* _COLLECTED DATA_:

-----

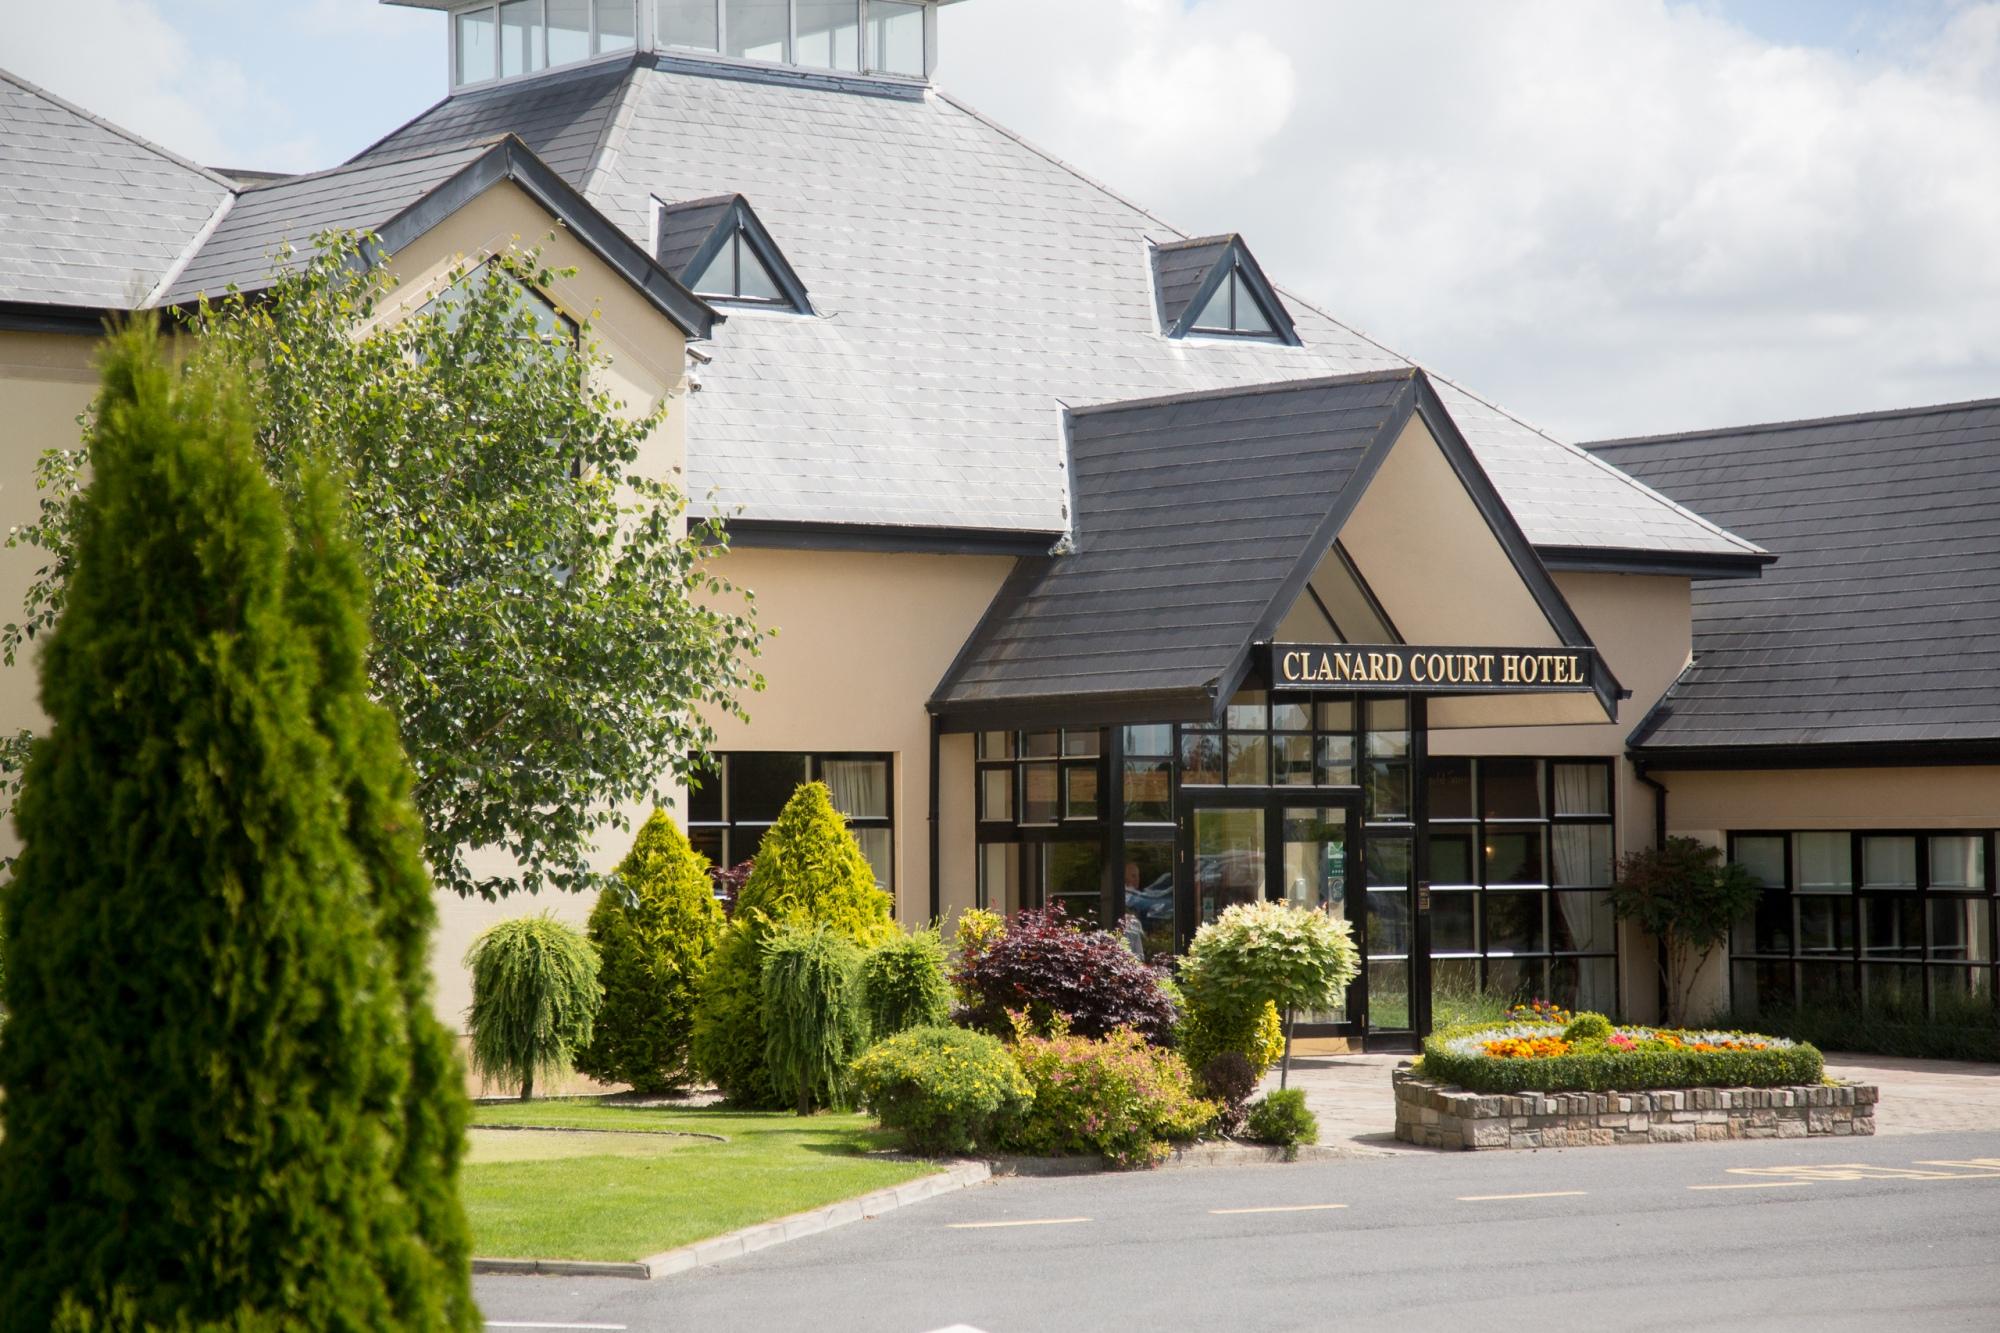 Clanard Court | Award-winning 4 star Luxury Hotel in rural
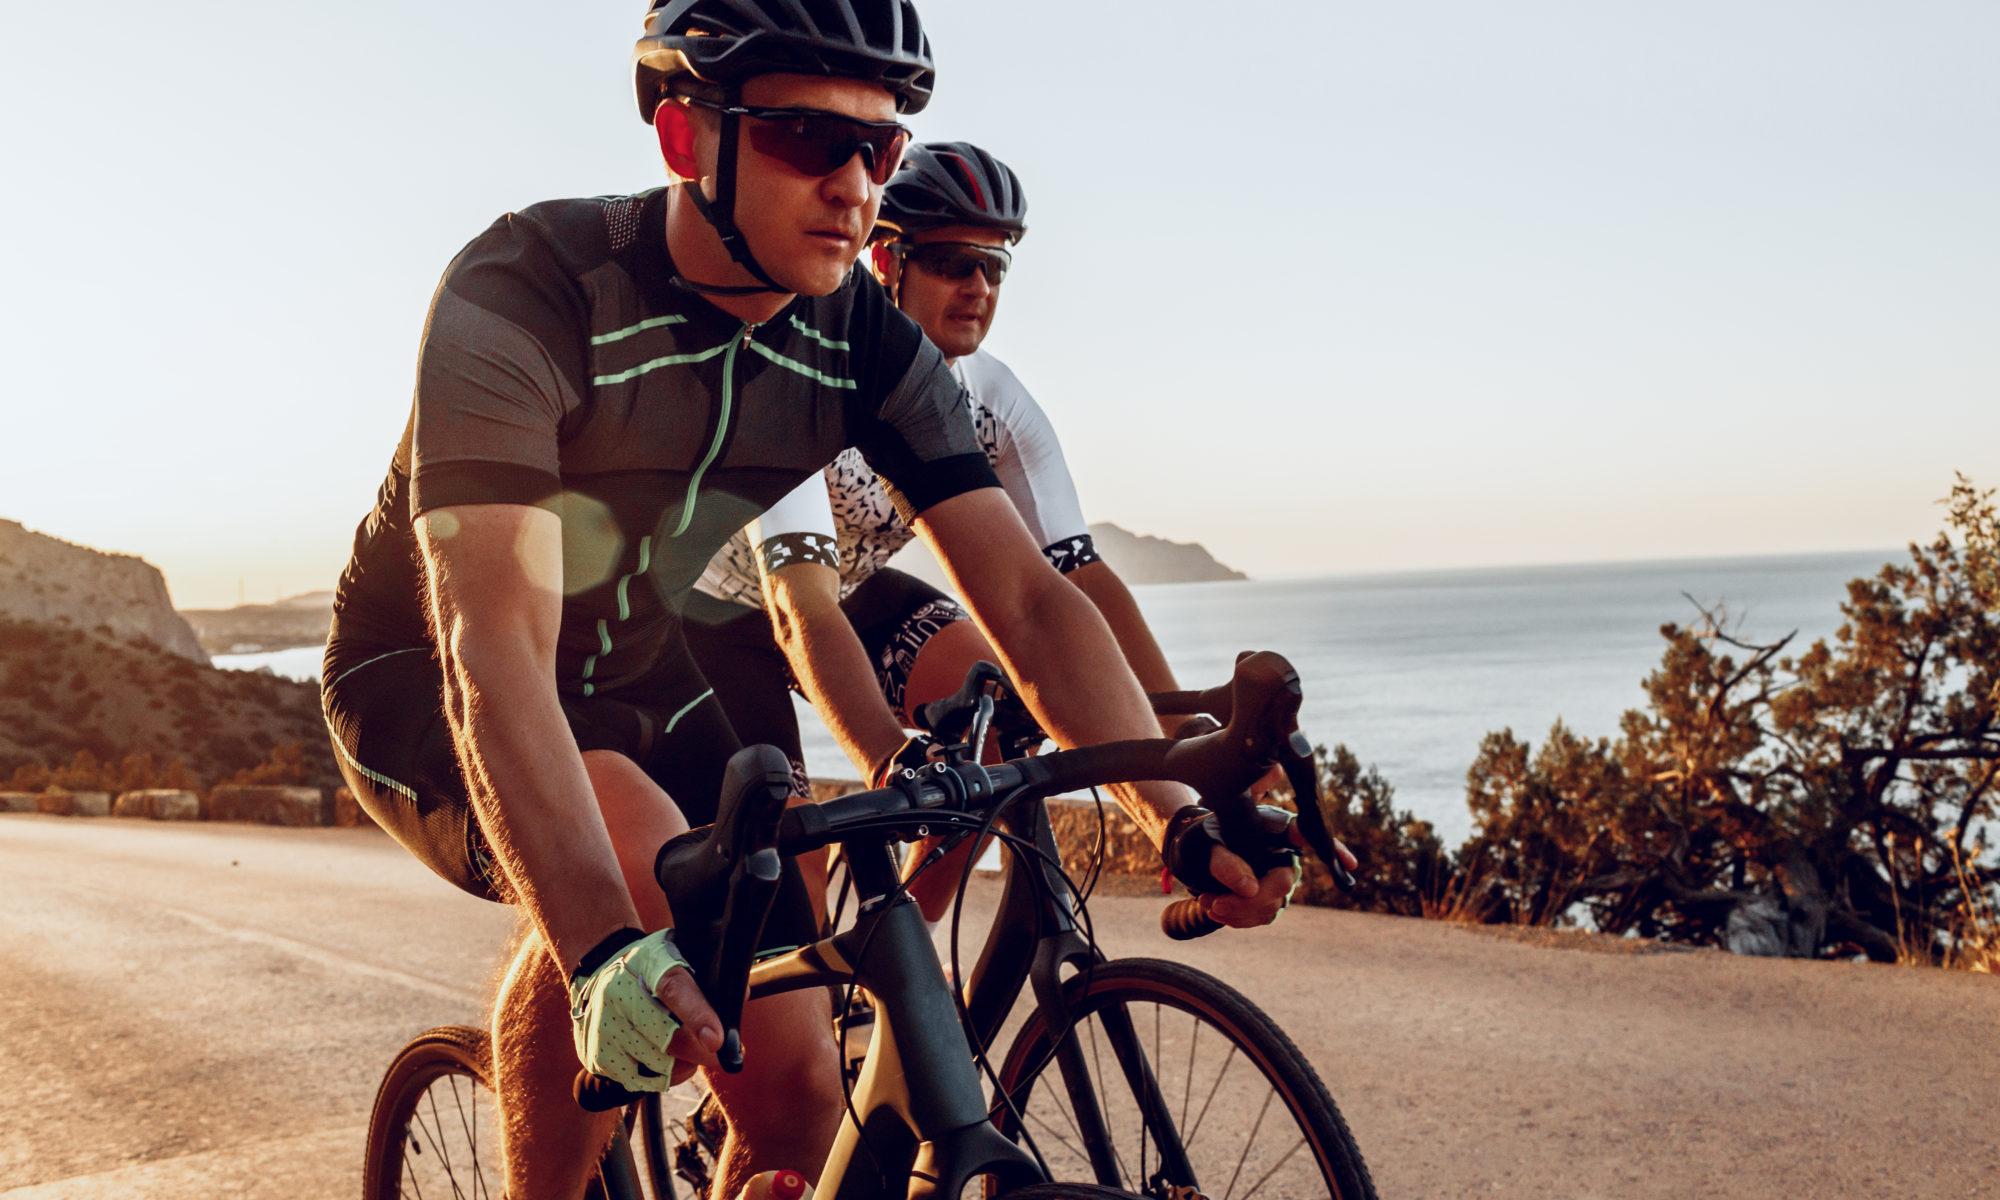 dwaj mężczyźni na rowerach
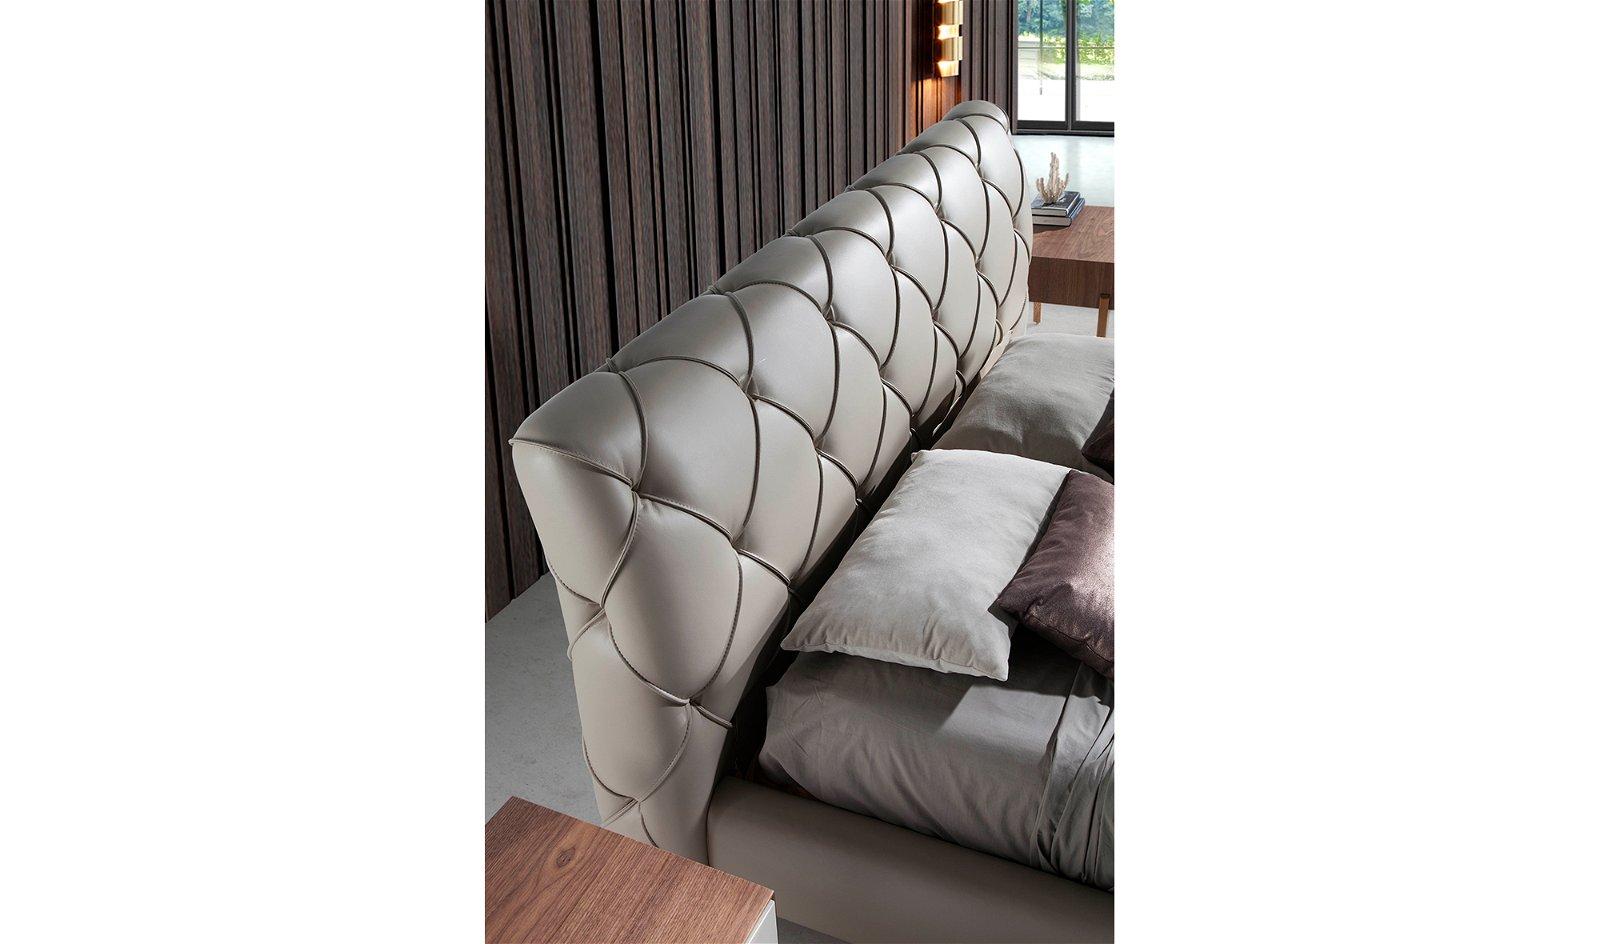 Cama tapizada de diseño italiano Giotto para colchón 180x200
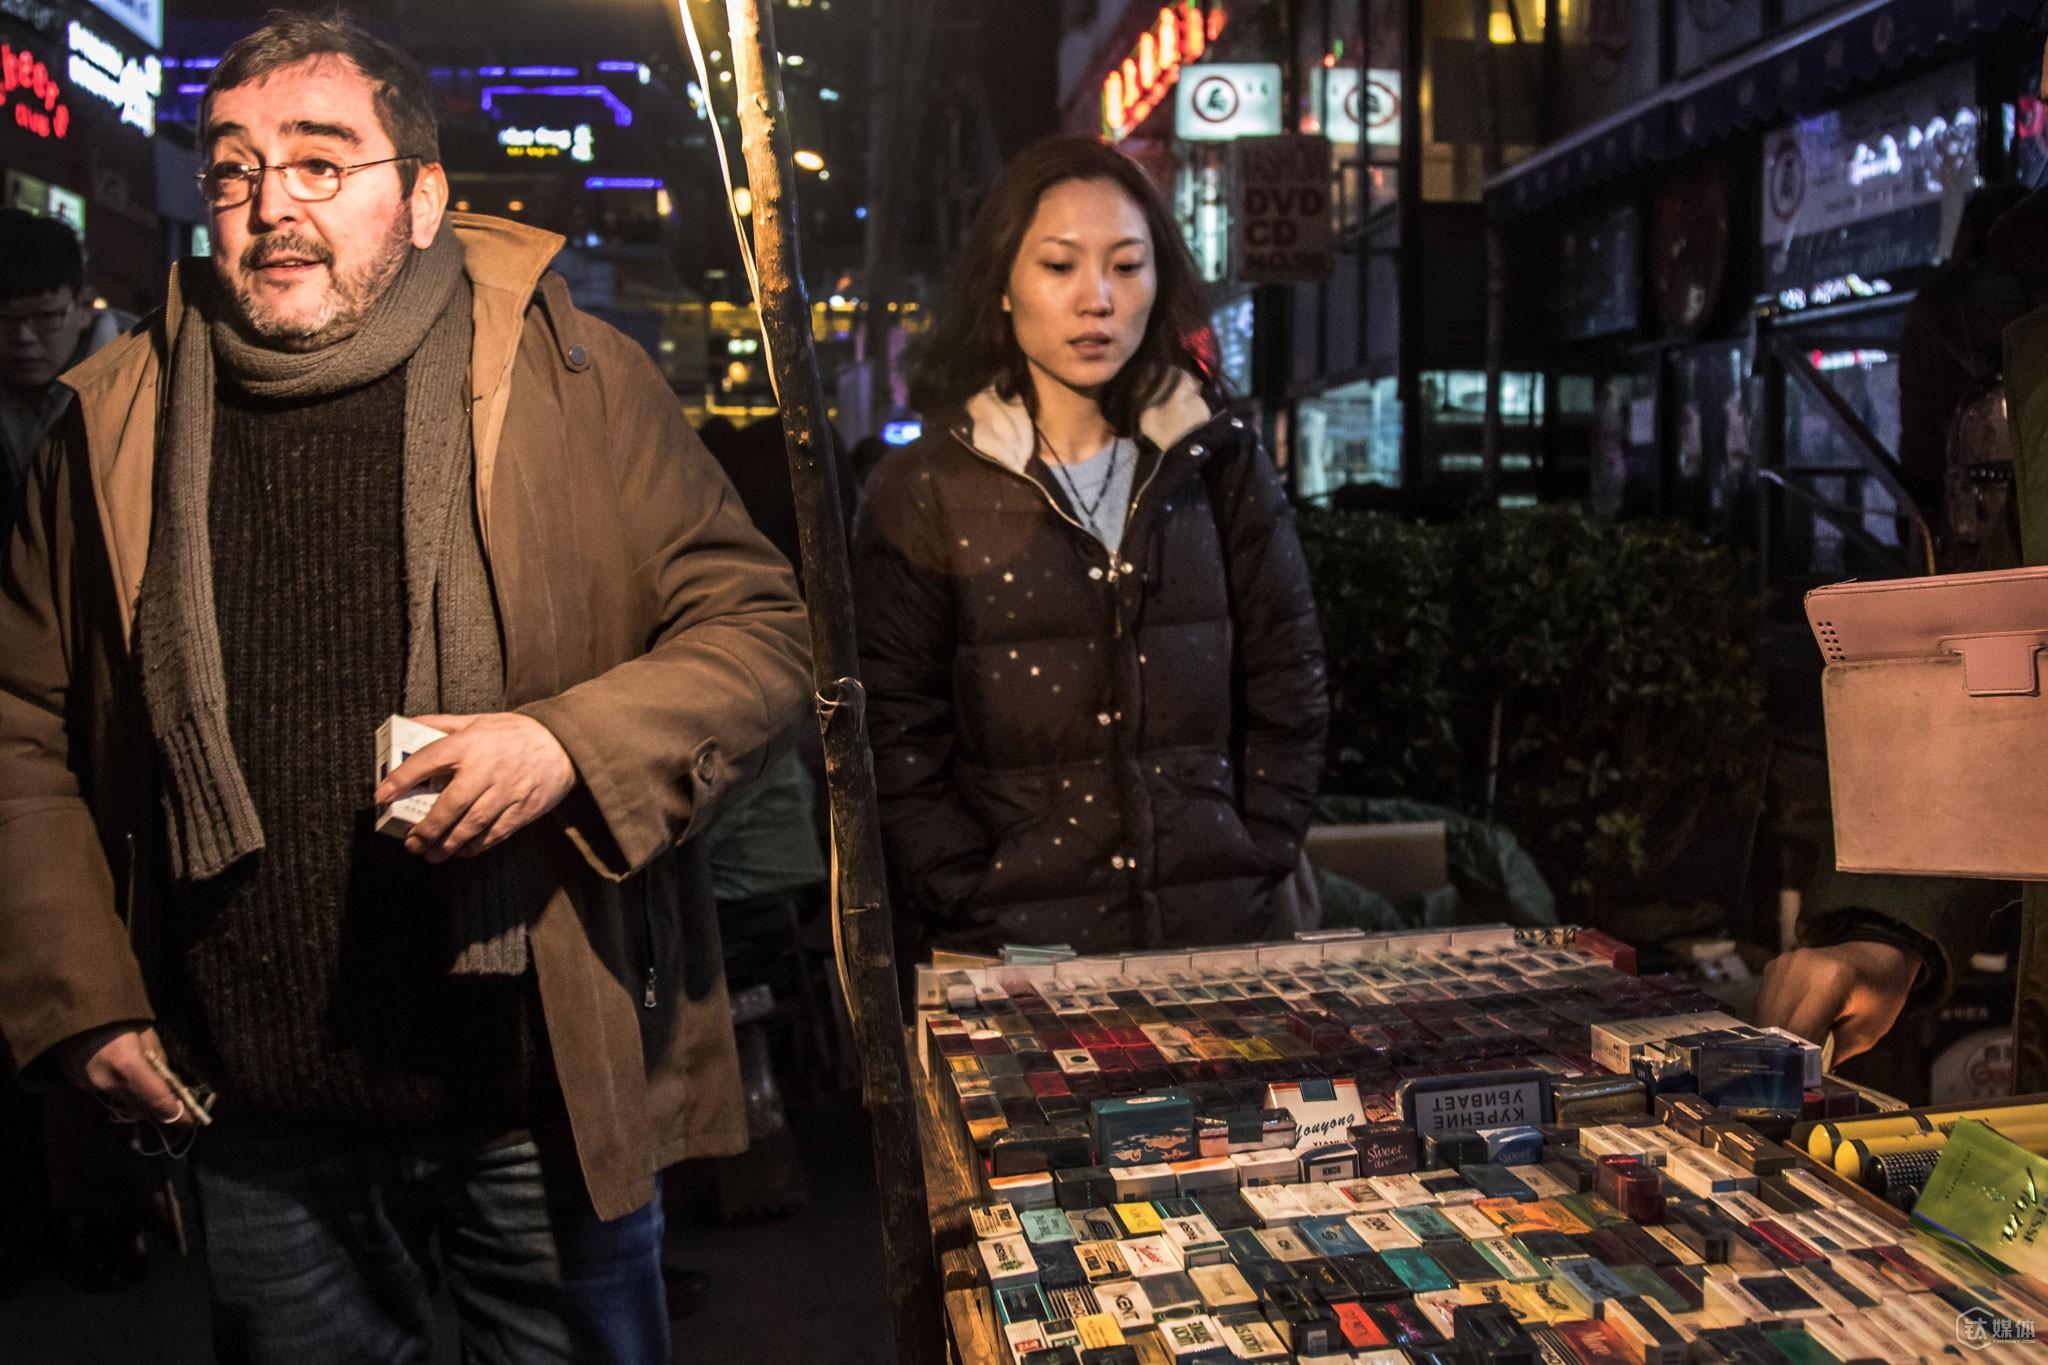 """托马斯很喜欢北京三里屯,就像他认为的""""除了网速快过中国,德国的互联网发展落后中国至少4年"""",他同样认为德国街头的热闹程度远远不及三里屯,""""这里永远都是人来人往车水马龙,这在德国很难得,虽然北京有时候空气不那么好,但我吸烟,空气不好对我来说没那么大影响。"""""""

-----

* _WORK INSTRUCTIONS_:
Return the whole of the material above exactly, with no picture carried over.

* _EXERCISE RESPONSE_:
 Clanard Court | Award-winning 4 star Luxury Hotel in rural
 dwaj mężczyźni na rowerach
 Cama tapizada de diseño italiano Giotto para colchón 180x200
 """托马斯很喜欢北京三里屯,就像他认为的""""除了网速快过中国,德国的互联网发展落后中国至少4年"""",他同样认为德国街头的热闹程度远远不及三里屯,""""这里永远都是人来人往车水马龙,这在德国很难得,虽然北京有时候空气不那么好,但我吸烟,空气不好对我来说没那么大影响。"""""""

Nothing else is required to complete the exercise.